Daniel Pennac
« Si vous voulez vraiment rêver, réveillez-vous...»
C’est bien simple, en ce moment, Daniel Pennac est absolument partout. A l’occasion de la sortie du huitième et dernier tome de la saga Malaussène, l’auteur du merveilleux traité Comme un roman est invité sur les radios, télés et journaux pour clore l’aventure de son anti-héros. L’occasion rêvée d’en faire enfin la connaissance…
« J'ai toujours pensé que je ferais un bon sourd et un mauvais aveugle. Retirez-moi le monde des oreilles, je l'aime. Bouchez-moi les yeux, je meurs.»
Benjamin Malaussène est employé depuis quatre mois dans le Magasin, grande surface parisienne où l’on trouve de tout, quand un vieil homme se fait exploser dans le rayon des jouets. Une seule victime, un vent de panique vite balayé par les besoins des affaires. Le travail reprend comme si de rien n’était et le bouc-émissaire reprend son rôle de bouc-émissaire. Comprendre que le job de Malaussène, c’est de se faire engueuler par les clients quand ils rencontrent un problème avec un produit. Il doit endosser la responsabilité de la faille, les attendrir et faire en sorte qu’il n’y ait pas de plainte. Il déteste cette mission dont il s’acquitte pourtant très bien.
A domicile, il est frère de famille. Aîné d’une fratrie de six dont la mère est partie en vadrouille avec Robert, il s’occupe de ses cadets et du chien Julius, du côté du Père Lachaise.

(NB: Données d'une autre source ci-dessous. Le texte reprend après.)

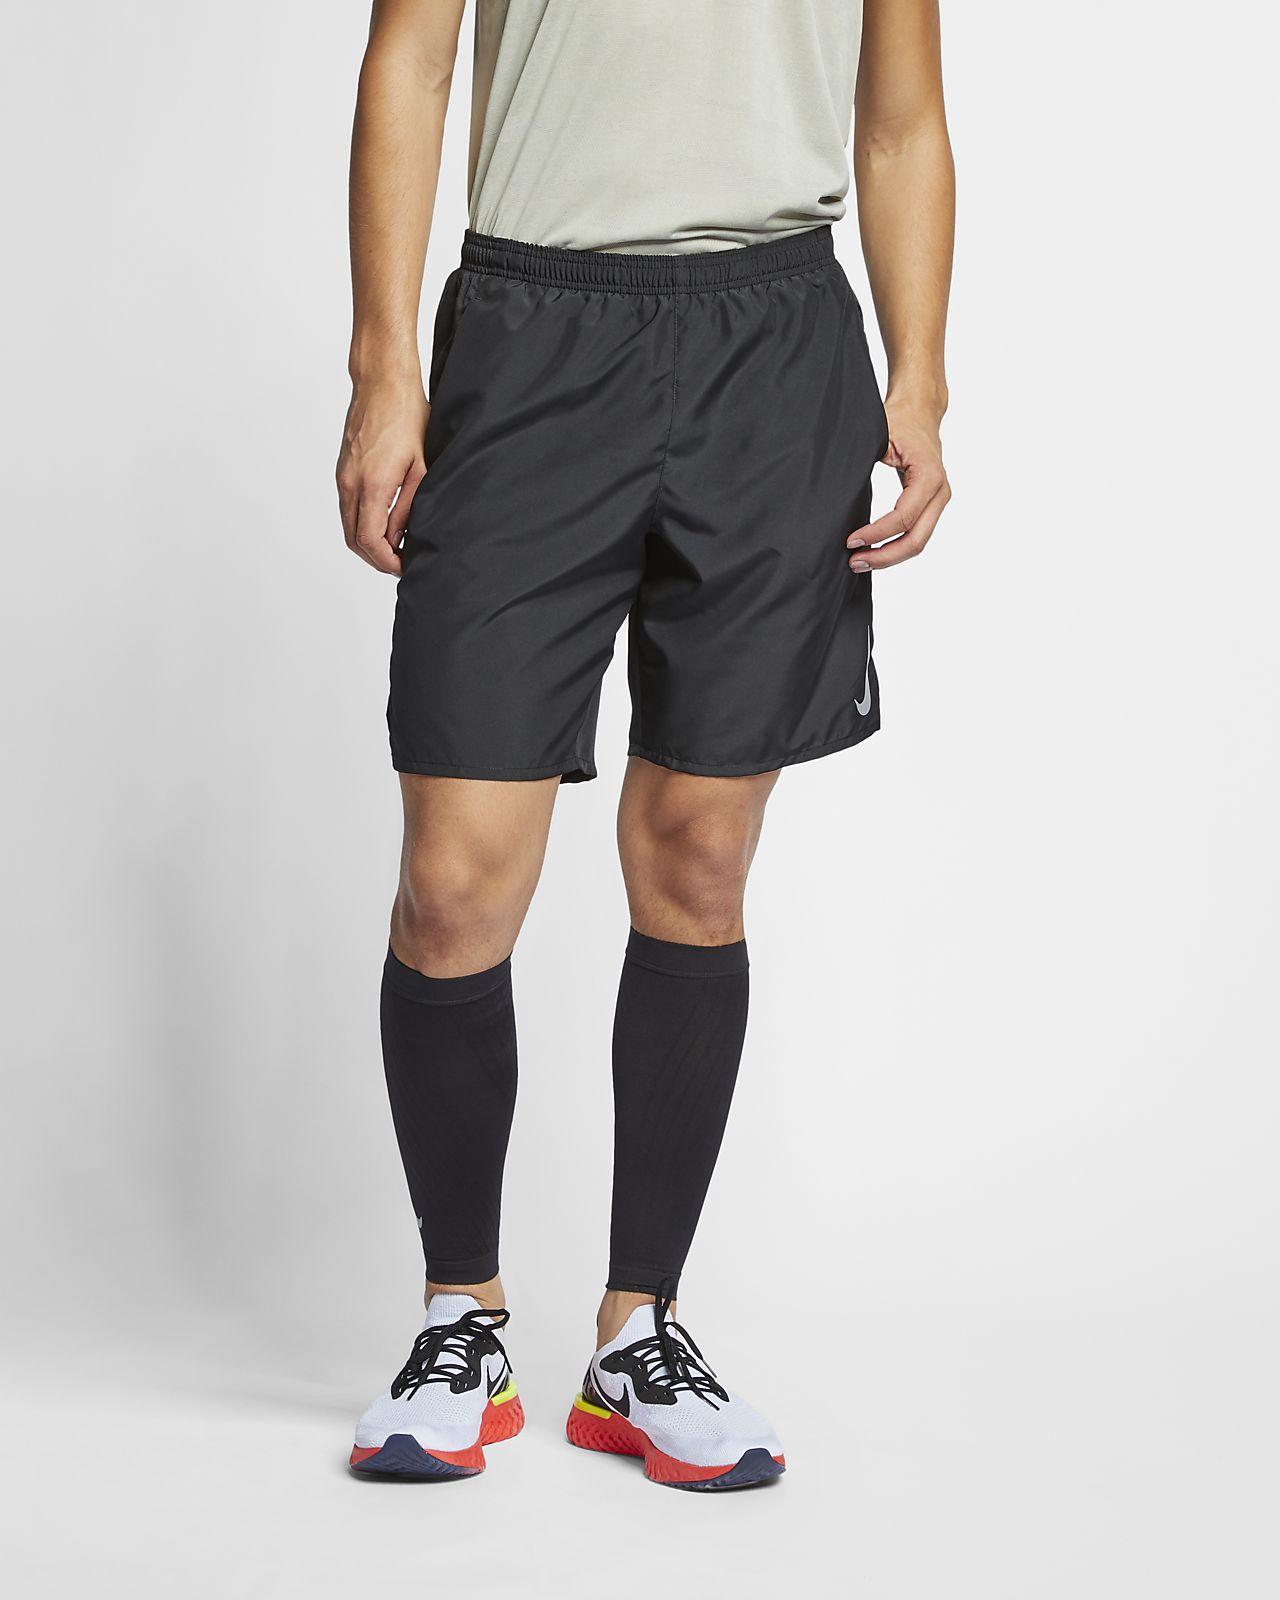 Nike Challenger Pantalón corto de running de 23 cm con forro de slip - Hombre

Deux semaines plus tard, c’est au niveau des pulls qu’un nouvel attentat a lieu. Un couple de personnes âgées cette fois. Alors que Benjamin est en plein numéro de charme auprès de Julia. Quand une troisième bombe explose et qu’il s’avère qu’une nouvelle fois, notre protagoniste est à proximité, forcément, tous les soupçons pèsent sur lui.
Bien décidé à comprendre pourquoi le Magasin est attaqué de la sorte, soutenu par son équipe d’amis et sa famille, Malaussène va mener une enquête parallèle à son projet de sape du magasin et de la fonction qu’il ne veut plus endosser… Drôle et déroutante, l’investigation de Benjamin va l’obliger à revoir son mode de fonctionnement, ses préjugés et à tout mettre en œuvre pour protéger et continuer de faire rêver et rire ses frères et soeurs.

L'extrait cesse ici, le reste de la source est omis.